But he pointed to evidence of the extraordinary potential for recovery once urchin densities were reduced.

At a trial site at Merimbula, where 30,000 urchins were removed by a local recreational fishing group, a diverse selection of kelp and seaweed has started to grow back in just 10 months.

With that potential comes the chance to develop a restorative fishery and to right the wrongs of the past.

"The urchin industry is relatively new in Australia, and there's a real opportunity for traditional custodians to be at the centre of this industry, rather than at the margins of it as we've seen with other fisheries in the past," Dr Layton said.

'They called it poaching, we called it survival'

Walbunja elder Newton Carriage holds a black and white photo taken by photographer Ricky Maynard in 1989, documenting the enduring tradition of Aboriginal cultural fishing on the south coast.

In the photo, Newton and his cousin Keith Nye are showing Newton's son Shane how to prepare abalone after a dive.

Both Keith and Shane later served jail terms for harvesting their traditional sea resources.

"They called it poaching, we called it survival," Newton said. "We were surviving in our own country."

Newton's grandson Denzel is now the third generation to face the court system over cultural fishing, and elders hope his generation will be the last.

In recent years, a string of prosecutions of Aboriginal cultural fishers have been withdrawn or dismissed while a Native Title claim is being determined on the south coast, and custodians are focusing on the urgent need to heal sea country.

Tillmann Boehme from the University of Wollongong has been working with the south coast Aboriginal community for four years to develop a sea country plan and a business model for a sustainable Aboriginal-led sustainable seafood enterprise.

"We have an Aboriginal community that has been dispossessed of their sea country, dispossessed of their resources," Dr Boehme said.

Healing sea country

Walbunja elder Wally Stewart takes the helm of Jamie Newman's boat as John and Denzel enter the water.

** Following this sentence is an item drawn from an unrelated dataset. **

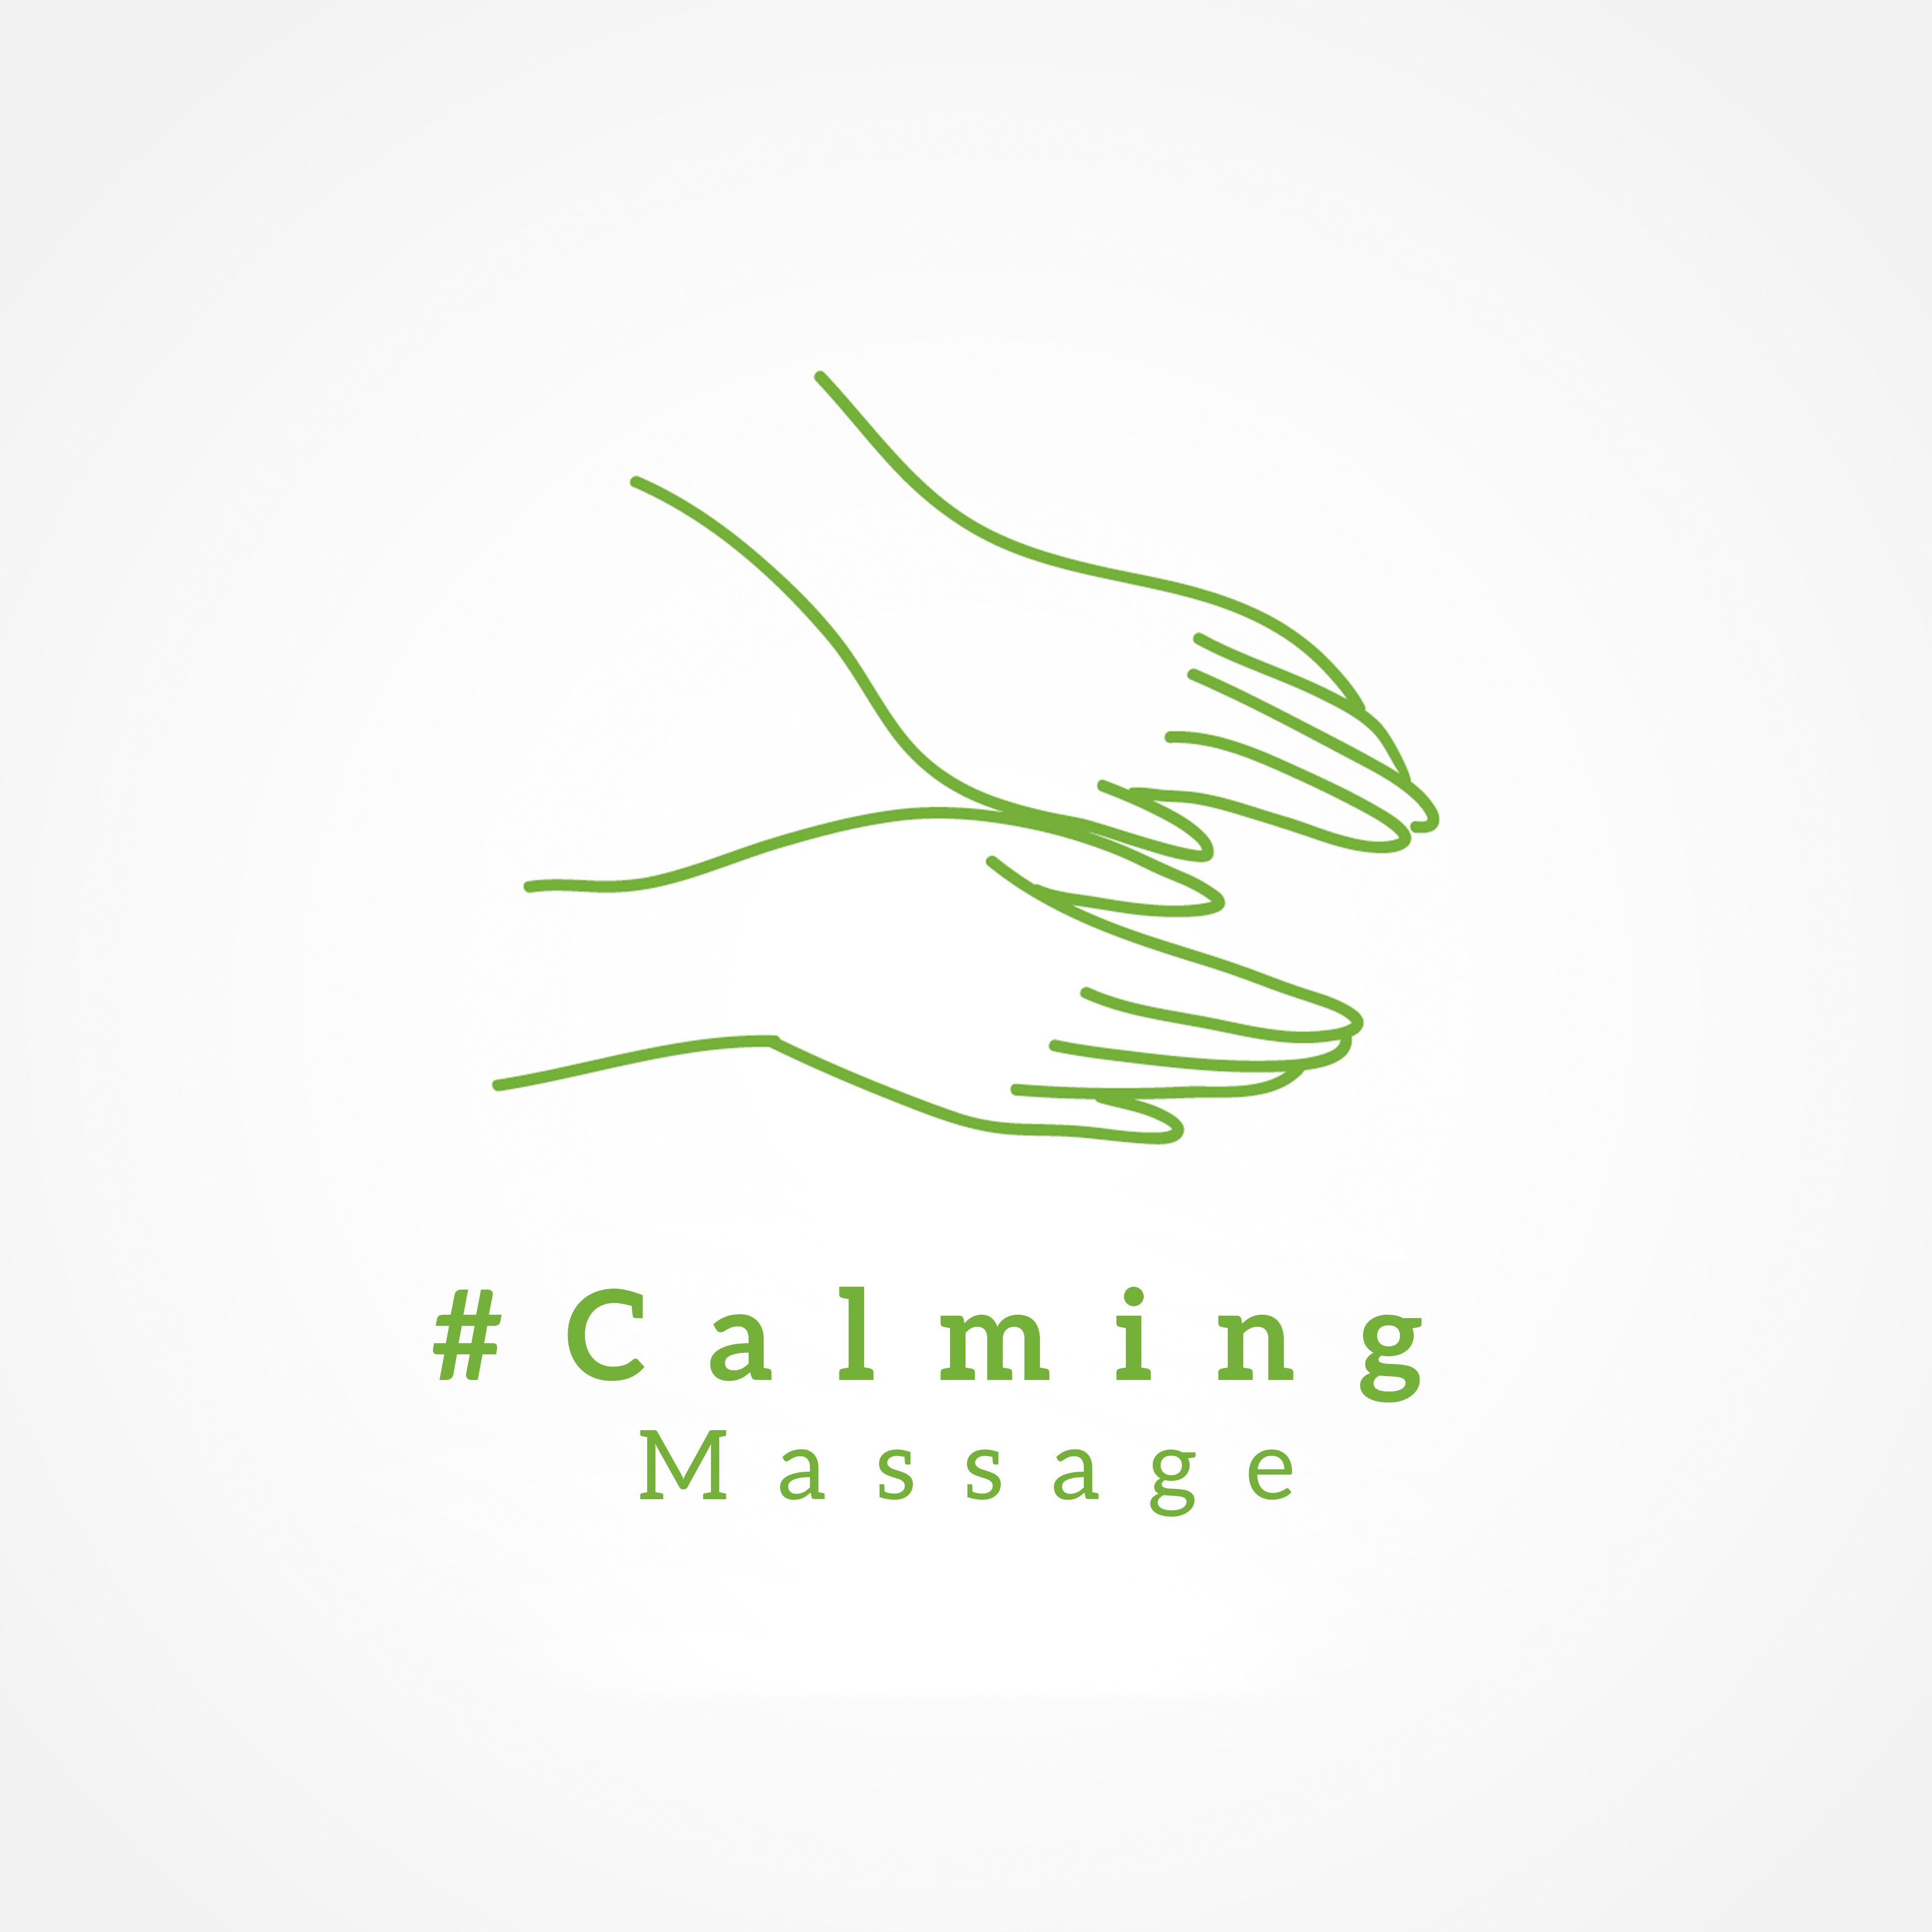 #Calming Massage

"You can see them in the water, they're just natural divers, taught by cultural fishermen," he said.

"And they've never been given that opportunity to be part of an industry like this."

As part of their training, Jamie will teach them to dive with supplied air, to operate their own boat and to select and process export-quality urchins.

Wally Stewart sees an opportunity for the young divers to be seen as role models in their community, and to start healing sea country before it is too late.

"We need the next generation to take that lead for us now," he said.